I would agree, I can't that working unless there is a converter on the line somewhere... like maybe an RCA to display port.


----------



## thedancingman432 (Jul 13, 2010)

could you further explain a "rca to display port" and could i change the video output on my ps2? also, if the cable is the way it is, what is it used for, other than what i have said?


----------



## thedancingman432 (Jul 13, 2010)

Also on my ps2 there is some options that might be useful. there is the option of "digital out(optical) (on/off)", there is also the option of "component video out (y cb/pb Cr/pr or RGB). hope it is usefull!


----------



## cwwozniak (Nov 29, 2005)

thedancingman432 said:


> if the cable is the way it is, what is it used for, other than what i have said?

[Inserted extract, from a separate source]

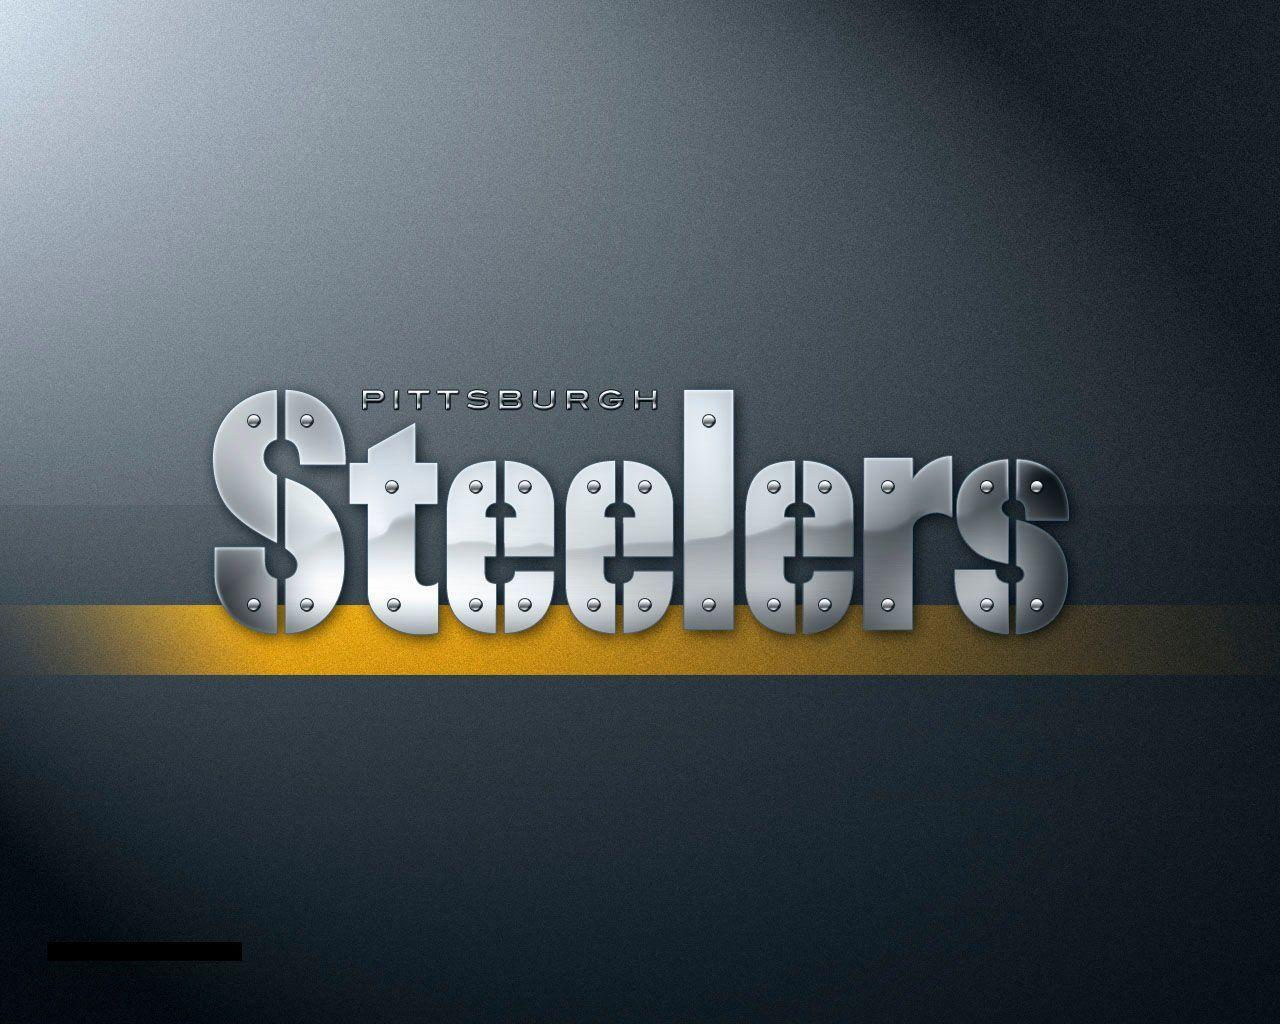 Steelers Wallpaper Hd 2014 #12101) wallpaper - wallatar.

It is very good at taking money out of your pocket and putting it in the pocket of the seller if it is like this cable sold on Amazon (read the reviews):

http://www.amazon.com/3-RCA-to-USB-...dp_top_cm_cr_acr_txt?ie=UTF8&showViewpoints=1

What is the exact brand and model number of your computer?


----------



## thedancingman432 (Jul 13, 2010)

thats more or less the exact cable that I got and I have a hp pavilion dv9000


----------



## thedancingman432 (Jul 13, 2010)

would these little guys do the trick:
http://www.amazon.com/EASYCAP-Audio...?s=electronics&ie=UTF8&qid=1279077776&sr=1-10

http://www.amazon.com/Easycap-USB-V...6?s=electronics&ie=UTF8&qid=1279077776&sr=1-6

http://www.amazon.com/EasyCAP-Audio...2?s=electronics&ie=UTF8&qid=1279077776&sr=1-2

and if so, which one and would I need any software?


----------



## cwwozniak (Nov 29, 2005)

As far as I can tell all three of your links are for the same device sold by different vendors. You would need to do some research to make sure they are compatible with your computer's operating system and if they allow simply displaying the incoming video on the computer screen.

If the software lets you display the incoming video, you may notice an objectionable amount of lag when playing action games.


----------



## thedancingman432 (Jul 13, 2010)

i guess it should work. the product in question that I might buy has software and if that doesn't work then aparently software that I have already downloaded should do the trick.


----------



## grampybox (Jul 9, 2010)

I too got an RCA to USB cable to discover it wasn't half of what I needed. I do think they'll work on the digital camcorders with RCA outputs. but not for analog to digital connections

I recently got an EZ Cap to connect my JVC VHSC camcorder to my computer. It does the job for me. I haven't tried using it on my PS2 (never even considered it ) You can also find then for about $8 "Buy it now" at EBay with free shipping. It will come with the necessary drivers and also Ulead Video Studio 8 DVD.

They will work with Windows XP but I did see where some were having problems when using with Vista. 
I researched the EZ Cap a bit before I bought it Just copy this *Easycap USB 2.0 Video TV DVD VHS Audio Capture Adapter *into the search box on your browser. There are even several You Tubes to help show you how to use it 
This address:

*youtube.com/watch?v=WMAfItfbghM*

shows a PS2 game testing the EZ Cap. just C&P into your browser

Hope this helps
Grampy


----------